When relief occurs on the strongest negative wheal dose, any dose stronger than this will produce a positive wheal, a symptom, or both–so it is the strongest intradermally tolerated dose. When symptoms persist on this dose, it is not a tolerated dose; then the next weaker dose will almost invariably provide relief, thus becoming the maximum intradermally tolerated dose (the strongest dose that does not produce a positive wheal or a symptom). Summing up, in essentially 100% of tests, this procedure can thus be described and defined as the Maximum Intradermally Tolerated Dose Method.


  1. Miller JB: Food Allergy: Provocative Testing and Injection Therapy. Springfield: Charles C Thomas, Publisher, 1972.
  2. Miller JB: Relief At Last! Neutralization for Food Allergy and Other Illnesses. Springfield: Charles C Thomas, Publisher, 1987.
  3. Miller JB: Intradermal provocative-neutralizing food testing and subcutaneous food extract injection therapy, in Food Allergy and Intolerance, Brostoff J and Challacombe SJ (Ed.).
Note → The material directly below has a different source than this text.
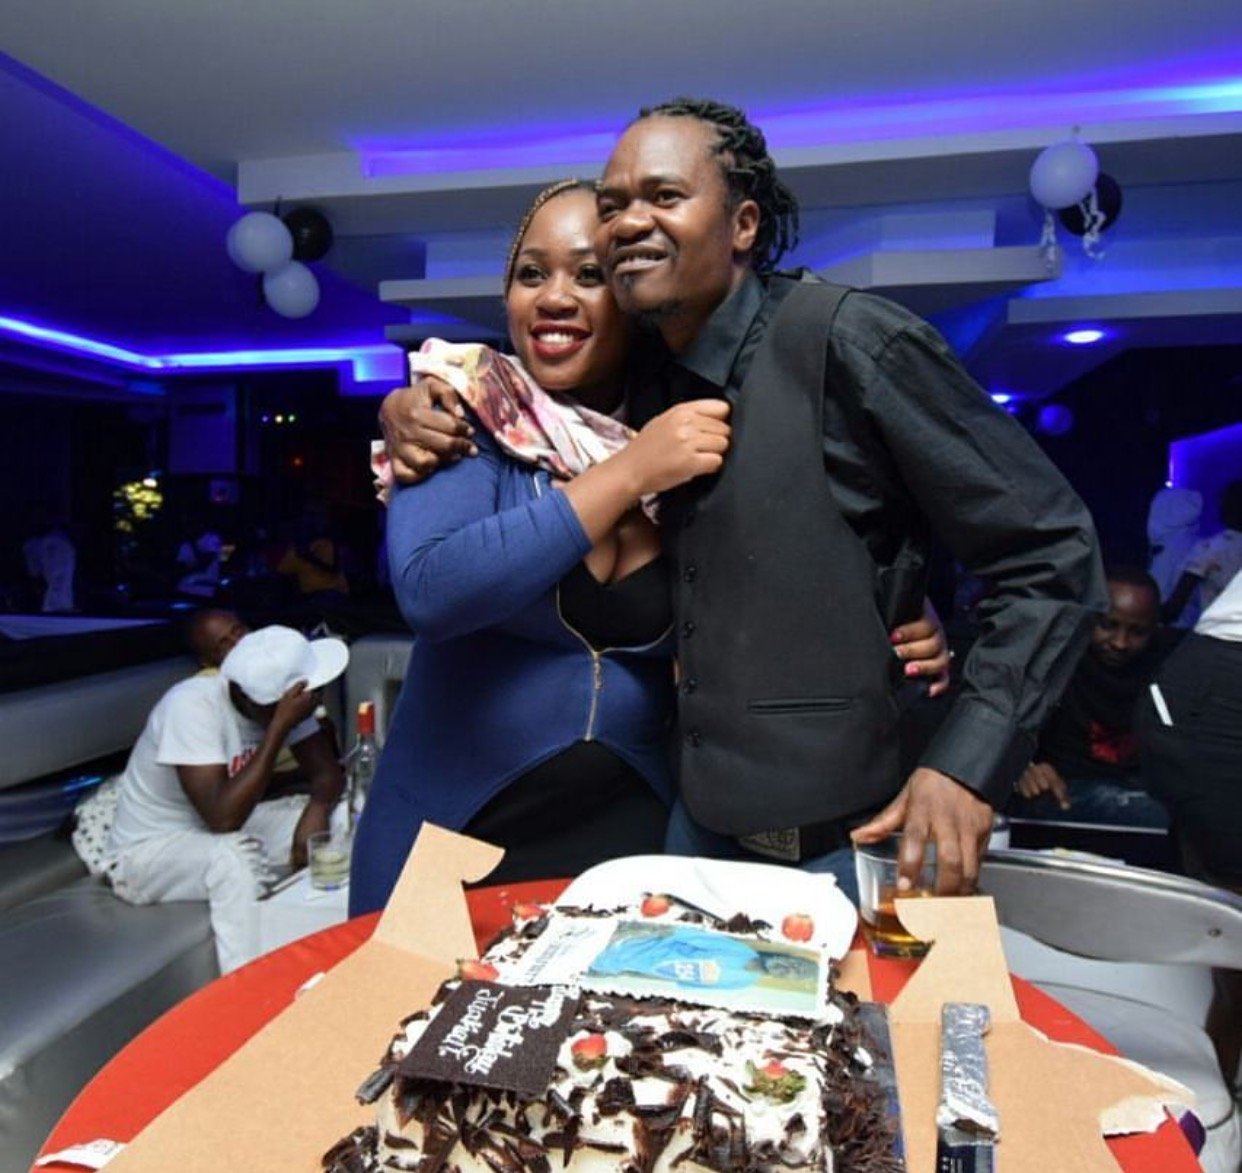 How Jua Cali celebrated his 38th birthday, checkout the lit photos from his bash

London: Bailliere Tindal, 1987, pp 932-946.
  4. Miller JB: A double-blind study of food extract injection therapy: A preliminary report. Annals of Allergy, Vol. 38, No. 3, March 1977, pp 185-191.
  5. Miller JB: Hidden food ingredients, chemical food additives, and incomplete food labels. Annals of Allergy, Vol. 41, No. 2, August, 1978, pp 93-98.
  6. Miller JB, Lee C, Binkley EL, and Hardt S: Relief of Influenza symptoms by the provocative-neutralizing method–A preliminary report. Journal of the Medical Association of the State of Alabama, Vol. 41, No. 7, January, 1972, pp 493-502.
  7. Miller JB: Influenza: Rapid relief without drugs. Clinical Medicine, Vol. 81, No. 9, September, 1974, pp 16-19.
  8. Miller JB: Treatment of active herpes virus infections with influenza virus vaccine. Annals of Allergy, Vol. 42, No. 5, May, 1979, pp 295-305.
  9. Miller JB: Rapid relief of varicella and infectious mononucleosis through immunotherapy. Annals of Allergy, Vol. 47, No. 5, 1981, pp 135-136.
  10. Miller JB: Relief of premenstrual symptoms, dysmenorrhea, and contraceptive tablet intolerance. The Journal of the Medical Association of the State of Alabama, Vol. 44, No. 2, August, 1974, pp 57-60.
  11. Jewett DL, Fein G, Greenberg M: A double blind study of symptom provocation to determine food sensitivity. NEJM, Vol. 323, NO. 7, August 16, 1990, pp 429-33.